A memory is just a collection of memory areas that are called banks.

1.7.2 Bank Element

<!-- BANK ::= -->
	<bank>
		<name>TEXT</name>
	  	<address>ADDRESS</address>
	  	<size>INT</size>
	  	<type>DRAM|SPM|ROM|IO</type>
	  	<latency>INT</latency>?
	  	<write_latency>INT</write_latency>?
		<cached>BOOL</cached>		<!-- default: false -->
	  	<writable>BOOL</writable>	<!-- default: true -->
	</bank>

name assign a name to a memory area and exists only for human user interaction.

address defines the base address of the memory area.

size defines the memory area size in bytes. As the representation of this value is on 32-bits and as the 0 value does not mean anything for size, 0 size represents a full coverage of the address space, that is, a memory of size 2^32.

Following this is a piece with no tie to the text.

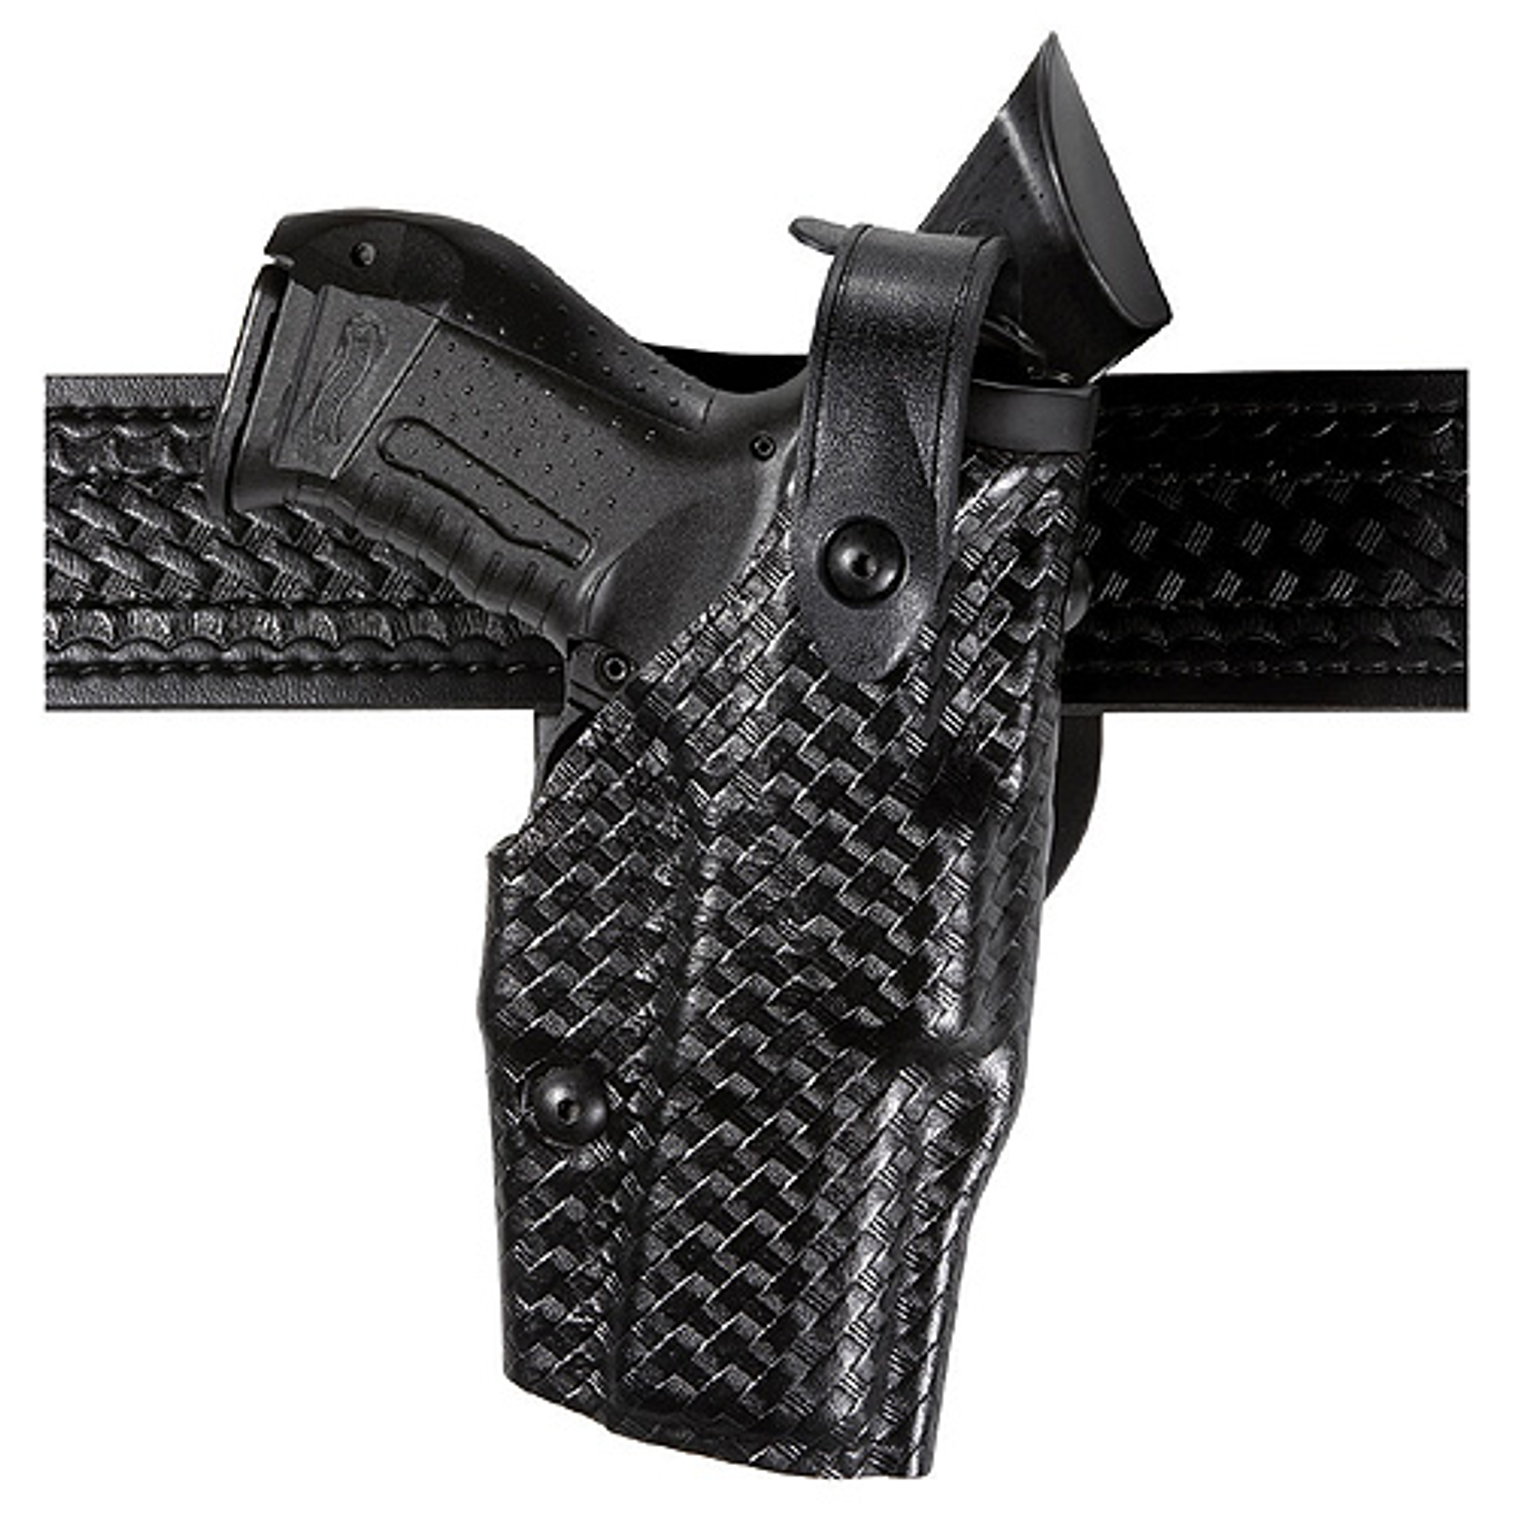 Model 6360 Als/sls Mid-ride, Level Iii Retention Duty Holster For Smith & Wesson M&p 9 W/ Light - KR6360-2192-482

The type gives hints on the nature of the memory. Possible values may be:

DRAM – usual dynamic RAM,
SPM – on-chip static RAM (usually accessed in 1 cycle),
ROM – read-only memory (EEPROM or anything else) but also NAND flash memory with random access,
IO – represents input/output register of peripherals (access time is usually high).

The latency defines the number of cycle to access the memory space to read a data item. If there is no write_latency, this defines also the time in cycle to write a data item.

The write_latency element provides the write time in cycles.

cached allows to know if the memory area is accessed through the cache or directly. IO memory areas are often not cached.

With the writable element, one can know if a memory area is writable or not: ROM are often considered as not writable using the classic load / store instruction of a microprocessor. For example, flash memories are readable word by word but are written block by block through dedicated IO registers.

1 Notice that the pipelined is not required

2 This name is relatively old and misleading.